I don’t like the idea of blaming companies anymore than blaming individual consumers. They’re working in the same market
I read that the original comment was laying the blame at the feet of individual consumer choices - implying that if people simply bought/consumed less of … whatever is causing the Colorado river to be depleted then things would fix themselves. And the reply is saying that there need to be explicit regulations to cause this, presumably because people have really no way to know the what environmental impact each dollar they spend has and where.
I read it the same way, similarly to PR campaigns that tell Californians to water their lawns less and take fewer and shorter showers, even thought that usage uses by far less water than ag or industrial uses.
> Companies and industry don’t burn resources for no reason, they become products that consumers buy.

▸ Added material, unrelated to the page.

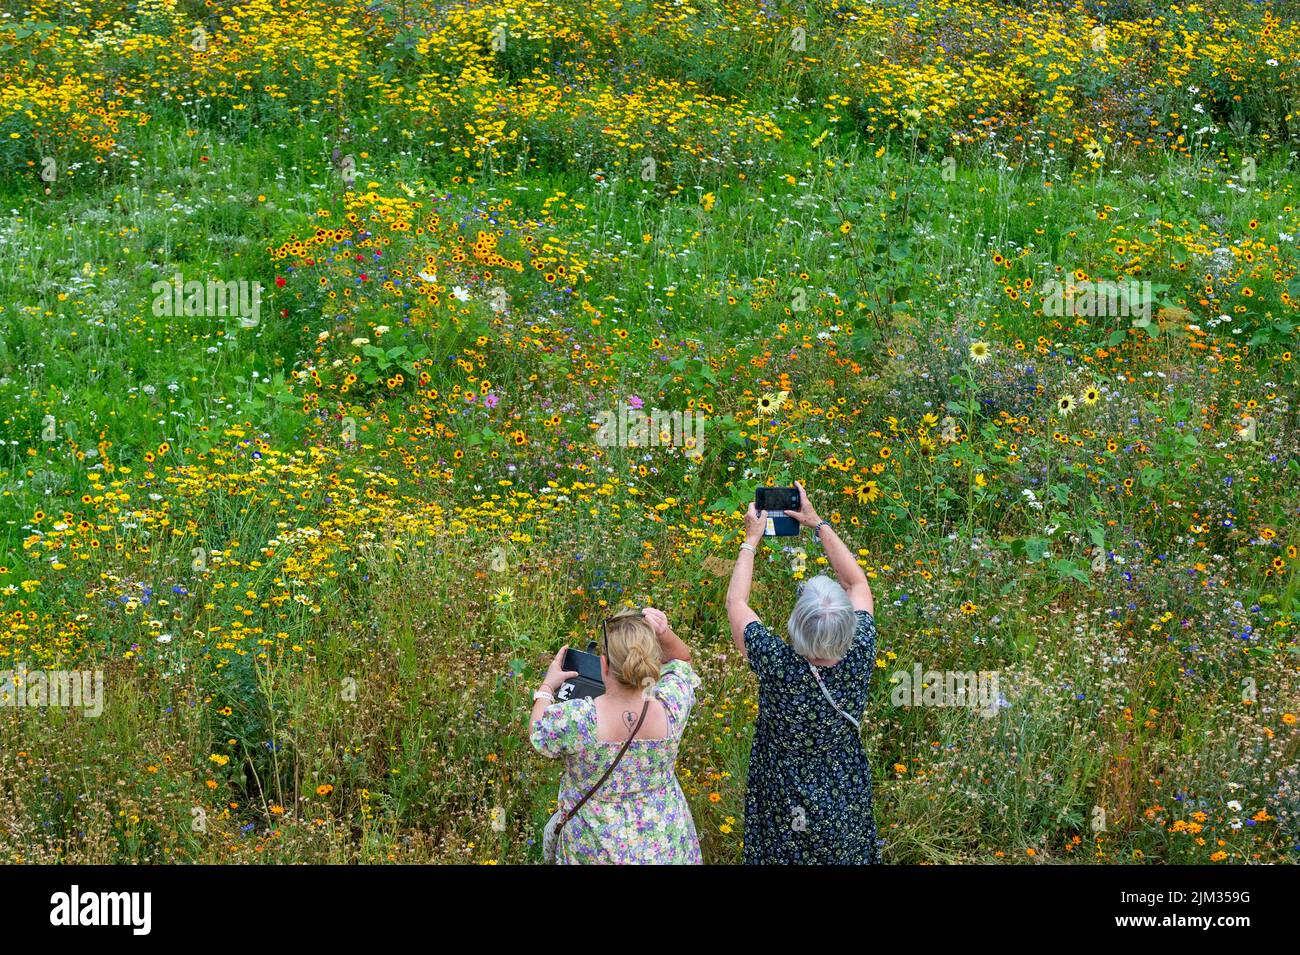 London, UK.  4 August 2022.  UK Weather - Visitors view Superbloom, a display of wildflowers in the moat of the Tower of London, grown from over 20 million seeds from 29 flower species which were sown to celebrate the Queen’s Platinum Jubilee. The flowers were chosen to attract a variety of pollinators to create a new biodiverse habitat.  As the current unusually dry conditions continue, with drought warnings in certain places, a modest sprinkler system is just managing to keep the flowers in bloom.  Credit: Stephen Chung / Alamy Live News Stock Photo

If companies start paying the total costs—including externalities (water, carbon)—of their raw materials, and pass those costs onto consumers, perhaps things will rebalance.
This isn't whats happening at all, at least in ag. There is a huge amount of deadweight loss to extremely wealthy long time ag landlords who own water rights. At this time, they have extremely inefficient water uses because water is costless to them. If water prices were to be raised, they would install various methods of water conservation (drip irrigation instead of flooding, etc) and maintain production levels, resulting in similar prices and availability for consumers.
> Arizona has [some non-water requirements for Semi fab location]; however, it faces water challenges. Semiconductor fabs require tremendous quantities of highly pure water, using between two and four million gallons daily.[1] The fact that Arizona has become a semiconductor fab given these high water requirements may seem bewildering.
> ... Although these companies use vast amounts of water, they also recycle aggressively
It was greenwashing if I remember correctly. They had to do ‘water credits’ to improve watersheds elsewhere in AZ, which they used to claim they were doing good things in the area they were in. When really, they weren’t.
Oh damn, so something like the carbon credits thing Tesla did? In that case what on earth are they doing putting such a facility in such a water-poor locale.
Add the industrial and cattle together and one can quickly see that it's not humans that are consuming the vast majority of potable water, but companies and industry that are depleting what's available for the rest of us.